Subjects who have completed PartB of HR-TPO-ITP-III-PED clinical trial and have achieved platelet response.
Subjects who have signed the informed consent for the extended study.
Subjects with potential fertility（e.g. women who have menarche or men who have sperm loss) should agree to use effective contraception during their participation in the extended study and within 28 days after their last dose.

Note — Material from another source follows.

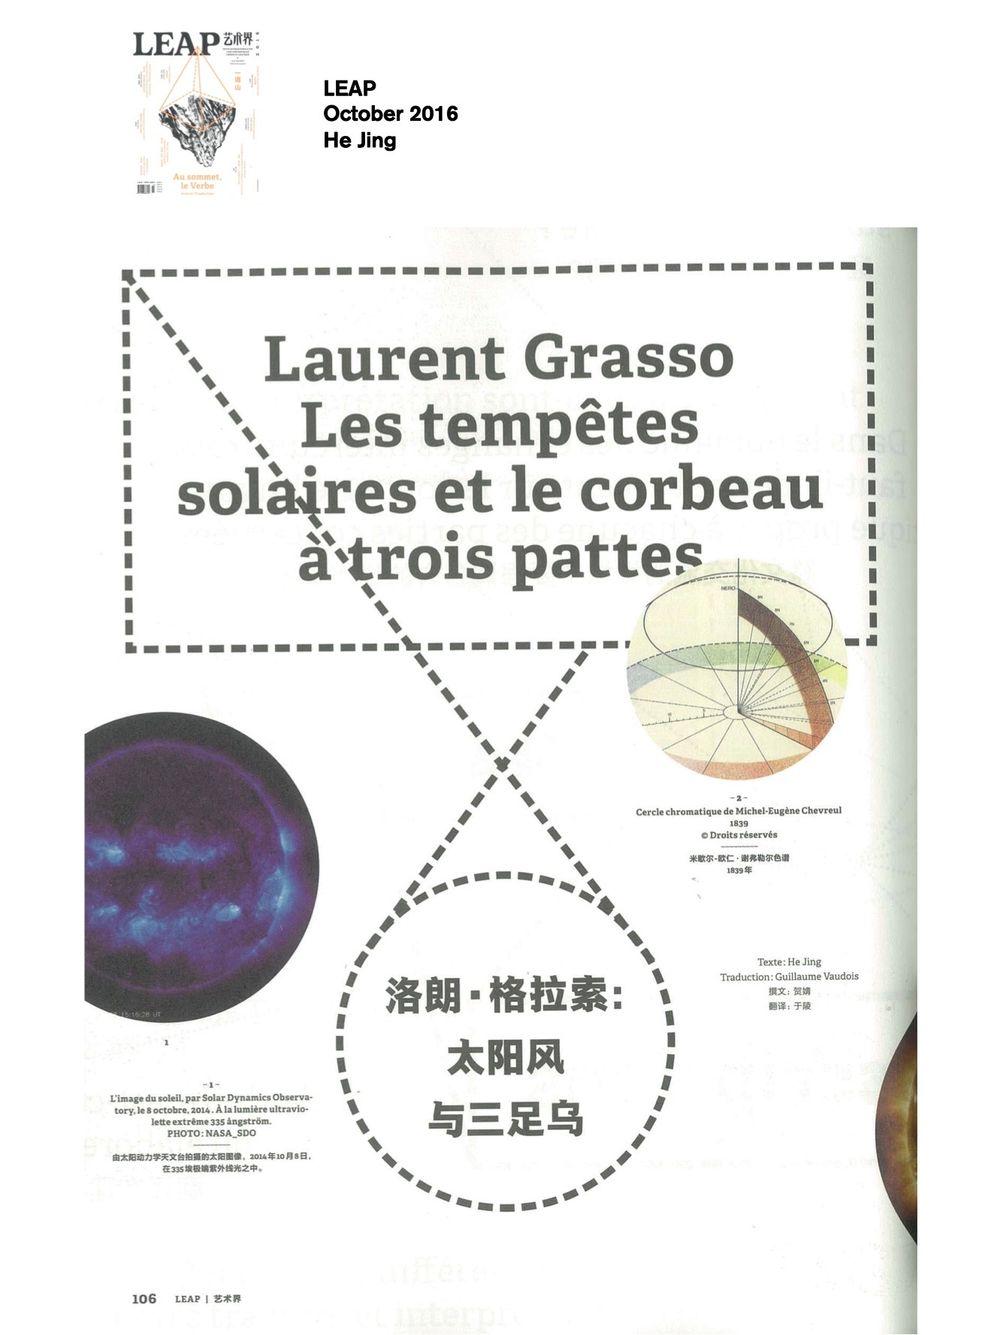 LEAP | Laurent GRASSO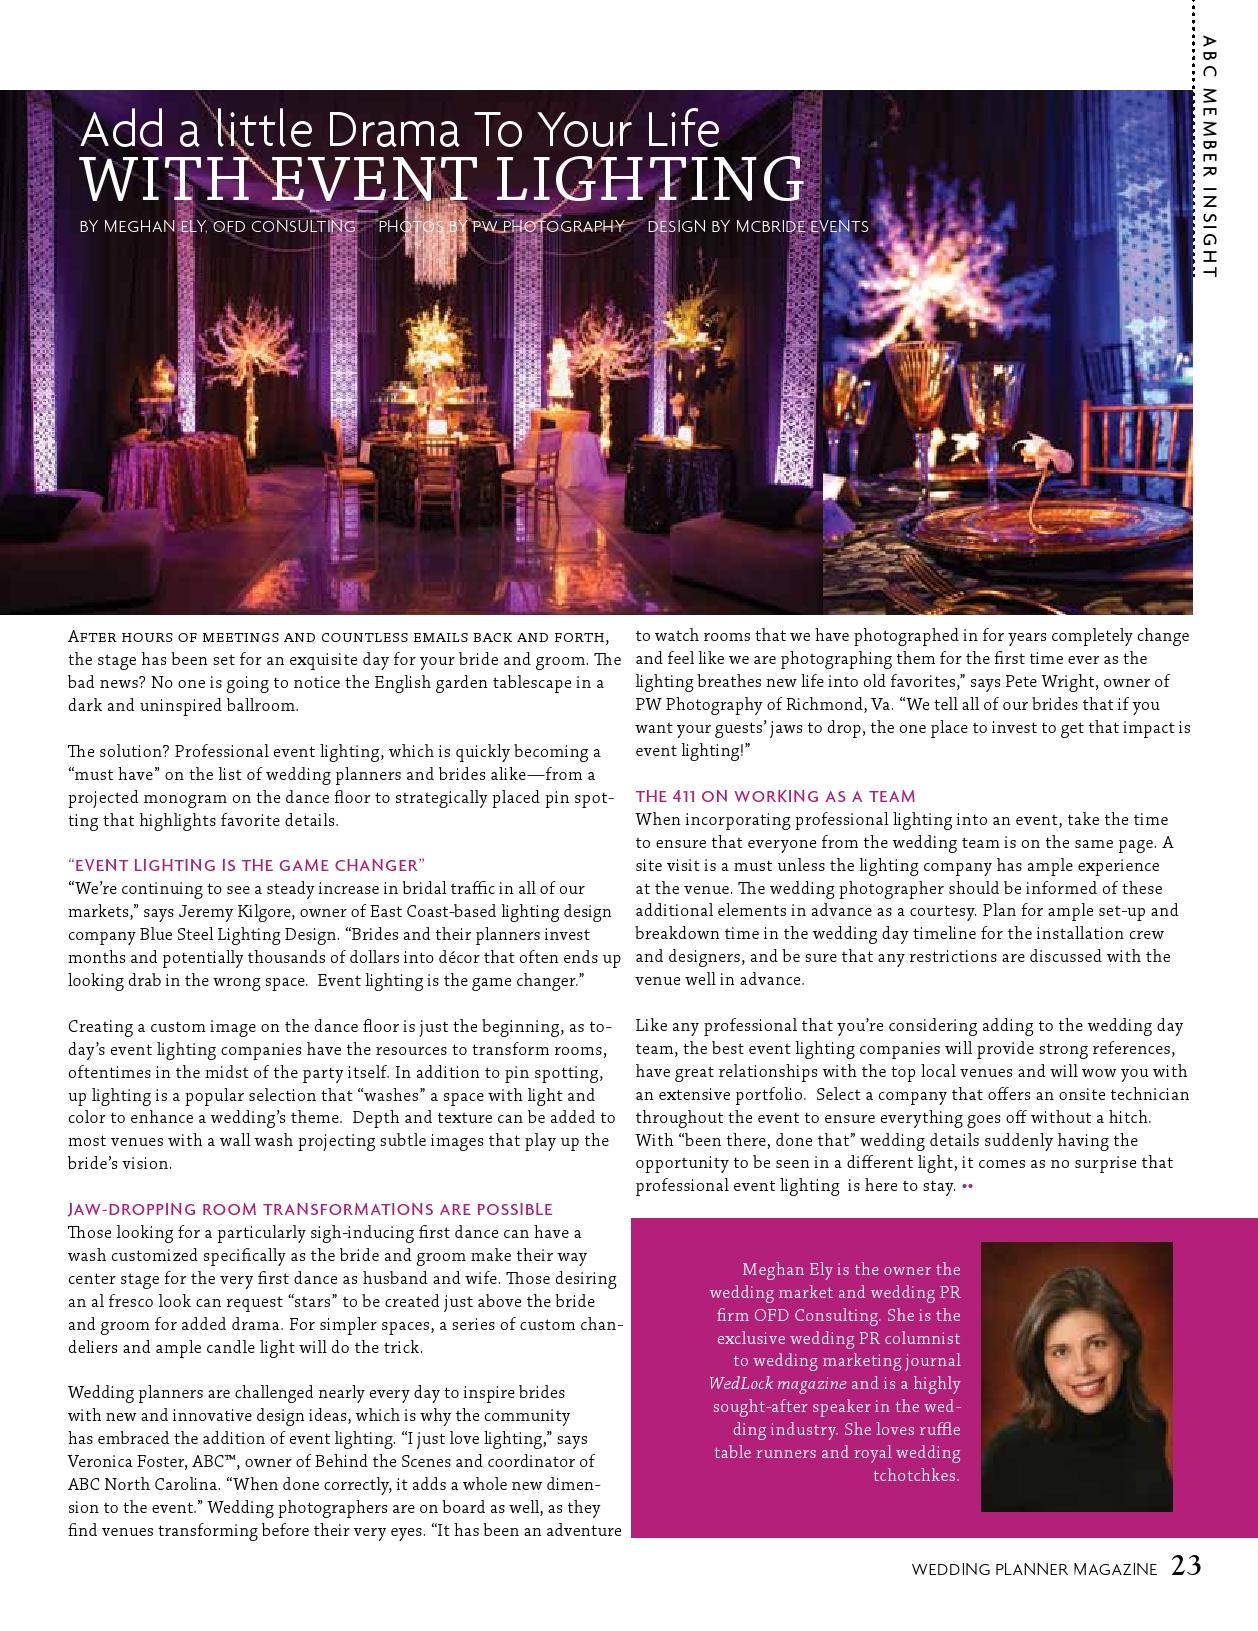 WP Mag Vol 2 Issue 1 Pg 23.jpg

Subjects who have completed end-of-treatment visits in the original study.

Exclusion criteria

Any unstable condition or condition that may compromise the safety of the subject.
Patients with new myelofibrosis were examined in the original clinical trial exit group.
The original clinical trial cohort examined evidence of new cataract or existing cataract progression, and the study considered it unsuitable to enroll in this extension.
Patients with uncontrolled bleeding after standard treatment.
Any previous occurrence of arterial or venous thrombosis (transient ischemic attack,myocardial infarction ,deep venous thrombus, or pulmonary embolism ),or clinical symptoms and history suggest thrombus susceptibility.
Any other circumstances that the investigator considers likely to cause the subject to be unable to complete the study or to present a significant risk to the subject.